Dépendance au jeu: dans la tête d’un joueur compulsif
TVA Nouvelles
«Ce n’est pas drôle cette affaire-là, il y a des gens qui se claquent des dépressions nerveuses et qui meurent!» Cette affaire-là, ce sont les jeux de hasard auxquels Jacques Gosselin est accro depuis plusieurs décennies.

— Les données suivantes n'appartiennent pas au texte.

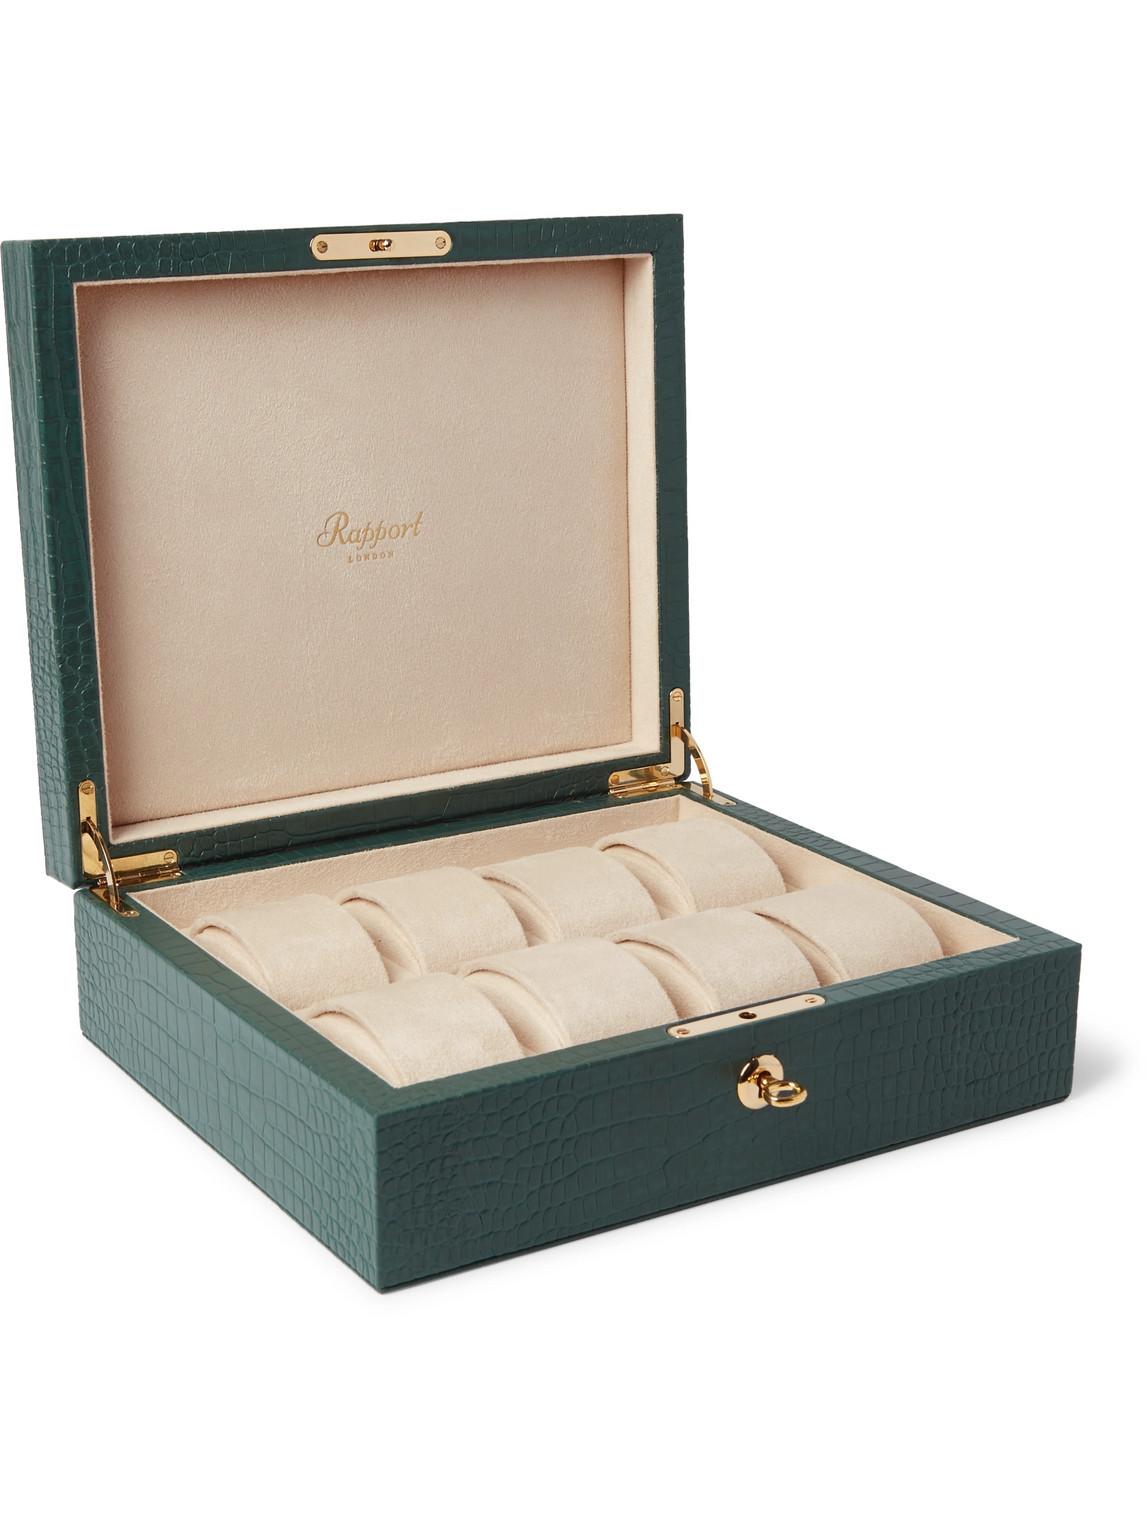 rapport london - croc-effect leather watch box - men - green

Il a voulu raconter son histoire au Journal afin de prévenir des dangers du jeu en ligne.
• À lire aussi: Jeux de hasard et d’argent: de plus en plus de Québécois se retrouvent au bord du gouffre
• À lire aussi: Sept millionnaires recherchés par Loto-Québec
«J’ai toujours été accro aux machines à sous», explique l’homme de 78 ans, rencontré chez lui dans le quartier de Sainte-Foy à Québec. «Mais là, ce n’est pas mêlant, c’est quasiment rendu un vice!»
Le regard tourné vers la fenêtre de sa salle à manger, il raconte comment il a commencé à jouer à l’âge de sept ans, alors qu’il remplaçait les vieux disques dans les juke-box d’une entreprise de la Rive-Sud. «Il y avait des vieilles machines à boules, et je pouvais jouer gratis», se souvient-il en souriant.
«Certaines boules étaient plus lourdes que les autres, et il fallait connaître la machine pour pouvoir gagner, c’était une vraie arnaque», ajoute-t-il.
L’habitude lui est restée, et il n’a jamais cessé de jouer. «Quand tu gagnes, c’est une euphorie, c’est pour ça que tu recommences», souligne le joueur, qui amenait autrefois ses enfants au casino pendant les vacances d’été en famille aux États-Unis. «Mais à un moment donné, les gens deviennent déraisonnables parce qu’ils pensent qu’ils vont battre la machine. Mais on ne peut pas battre la machine.»
Même s’il a «assez d’argent pour pouvoir en perdre» sans affecter sa qualité de vie, l’entrepreneur à la retraite convient que les pertes le «frustrent». «Ça me donne l’impression de m’être fait flouer», précise-t-il.
Certains joueurs plongent littéralement dans un état de détresse. «J’ai déjà vu un gars au salon de jeu qui avait perdu toute une soirée et qui disait à sa femme qu’il s’en allait chercher son .12 pour tirer sur la machine», raconte M. Gosselin.